▶ Exercise instructions: Drop the images; return everything else in the listing below exactly.

▶ Information provided:
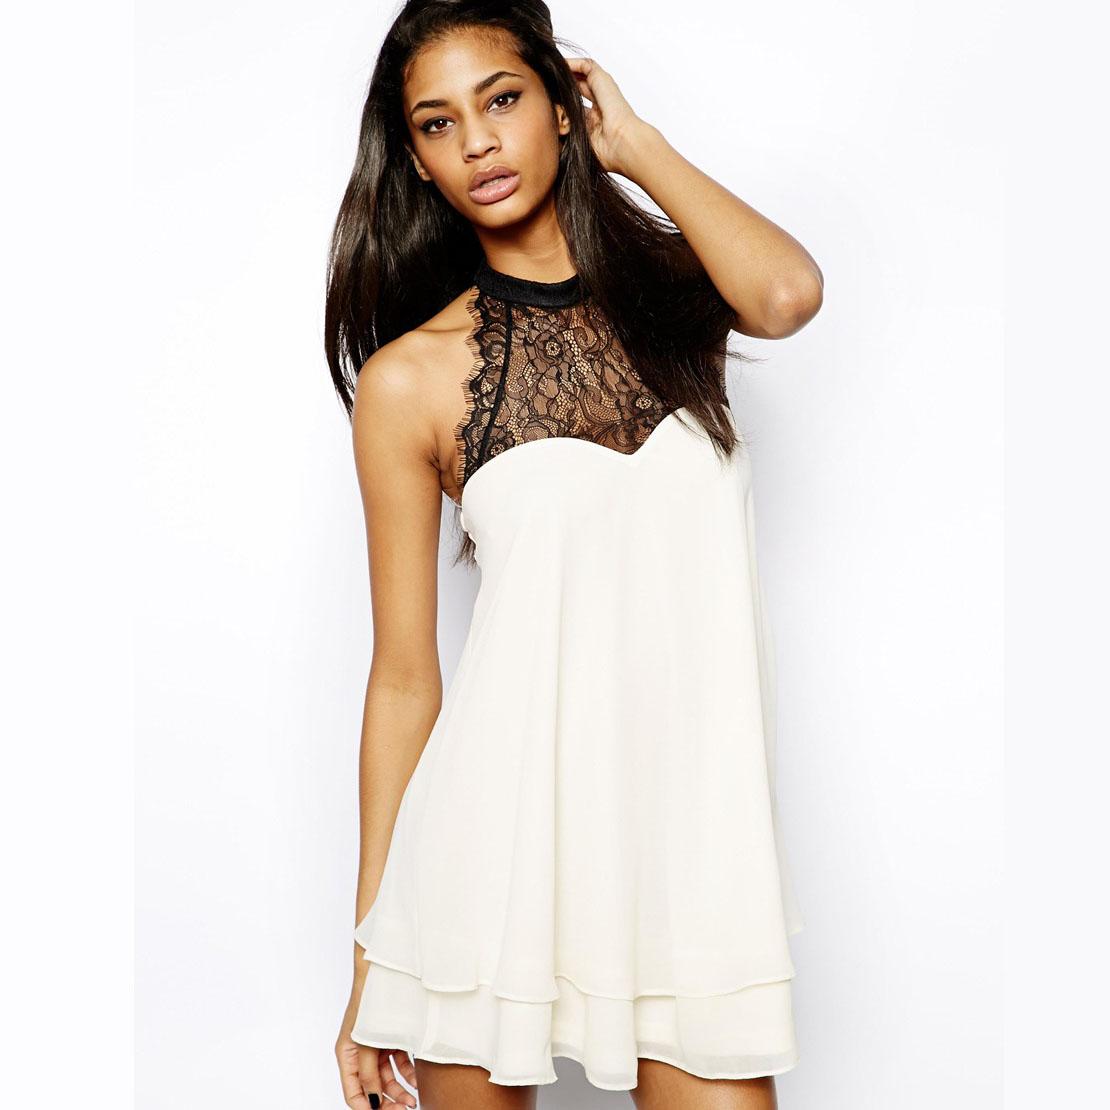 Back bow lace colorant match double layer chiffon medium-long sleeveless shirt haoduoyi - Fashion company store
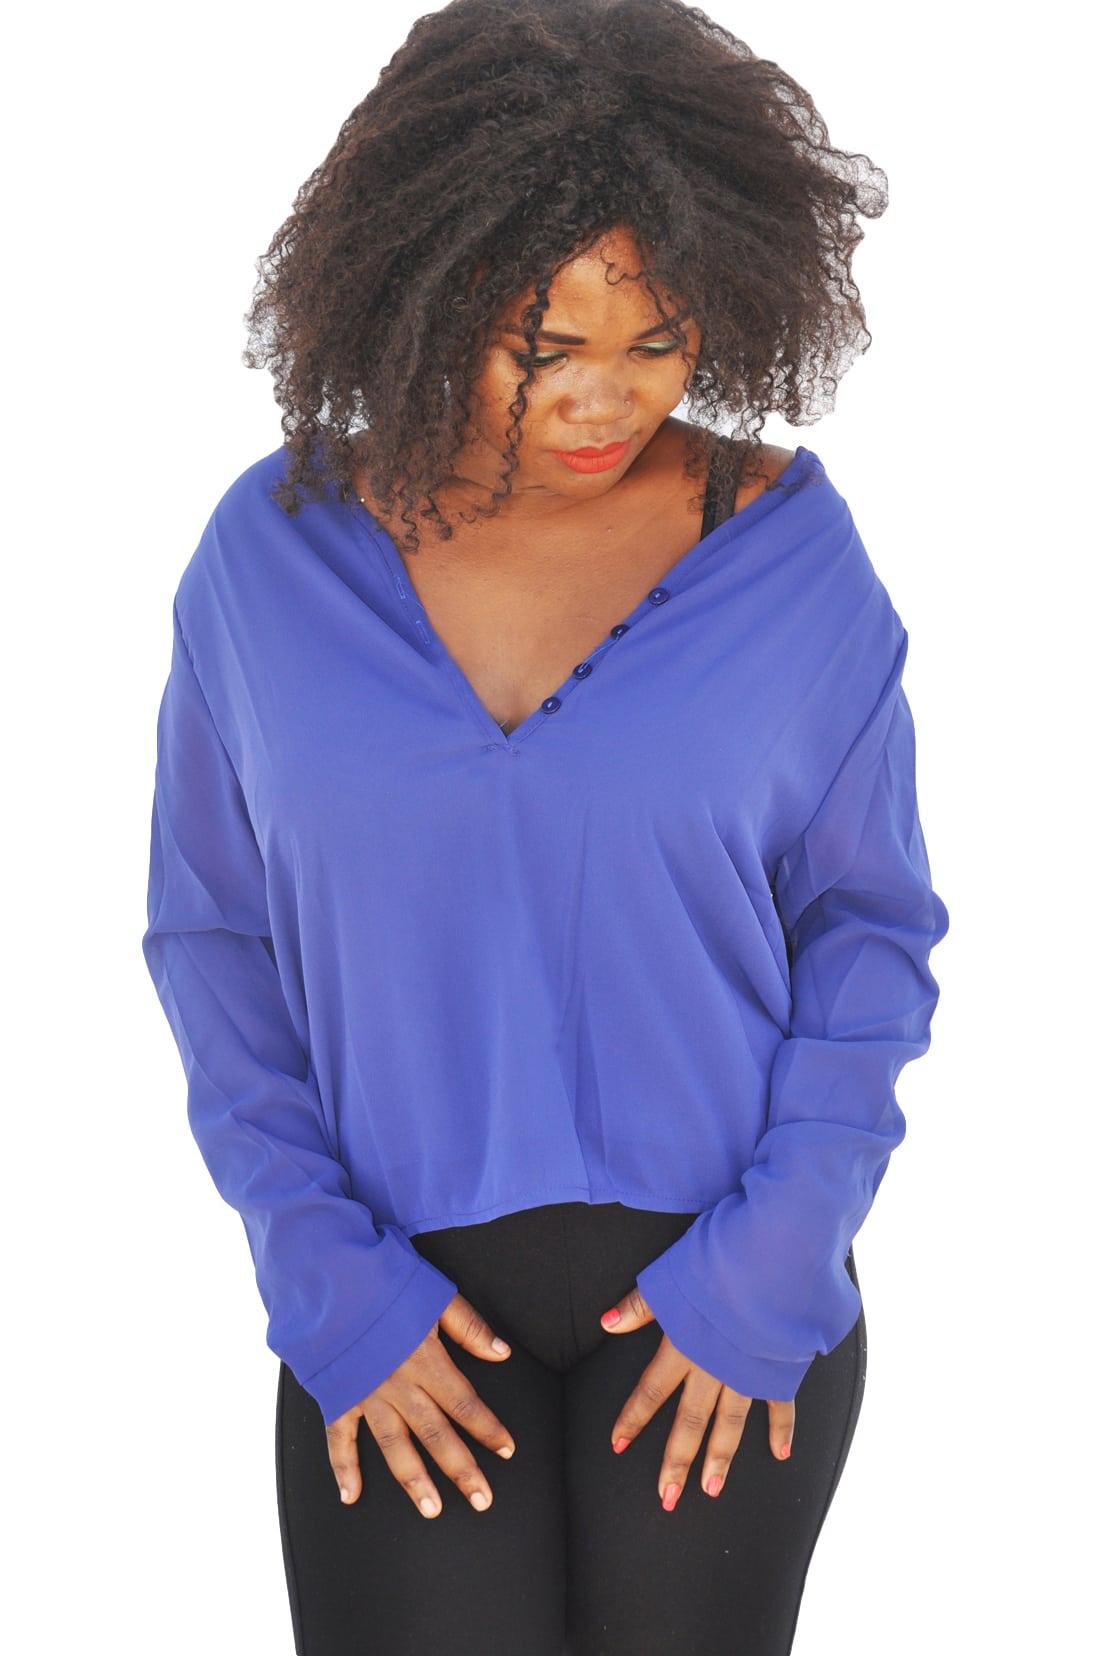 M0225 blue3 Blouses Tops Shirts maureens.com boutique
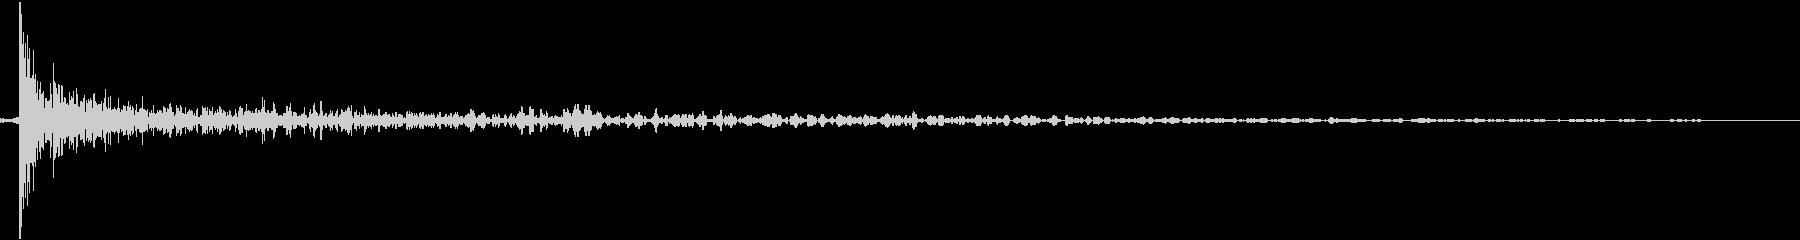 床を打つ音(残響多め)の未再生の波形

▶ Task answer:
 Back bow lace colorant match double layer chiffon medium-long sleeveless shirt haoduoyi - Fashion company store
 M0225 blue3 Blouses Tops Shirts maureens.com boutique
 床を打つ音(残響多め)の未再生の波形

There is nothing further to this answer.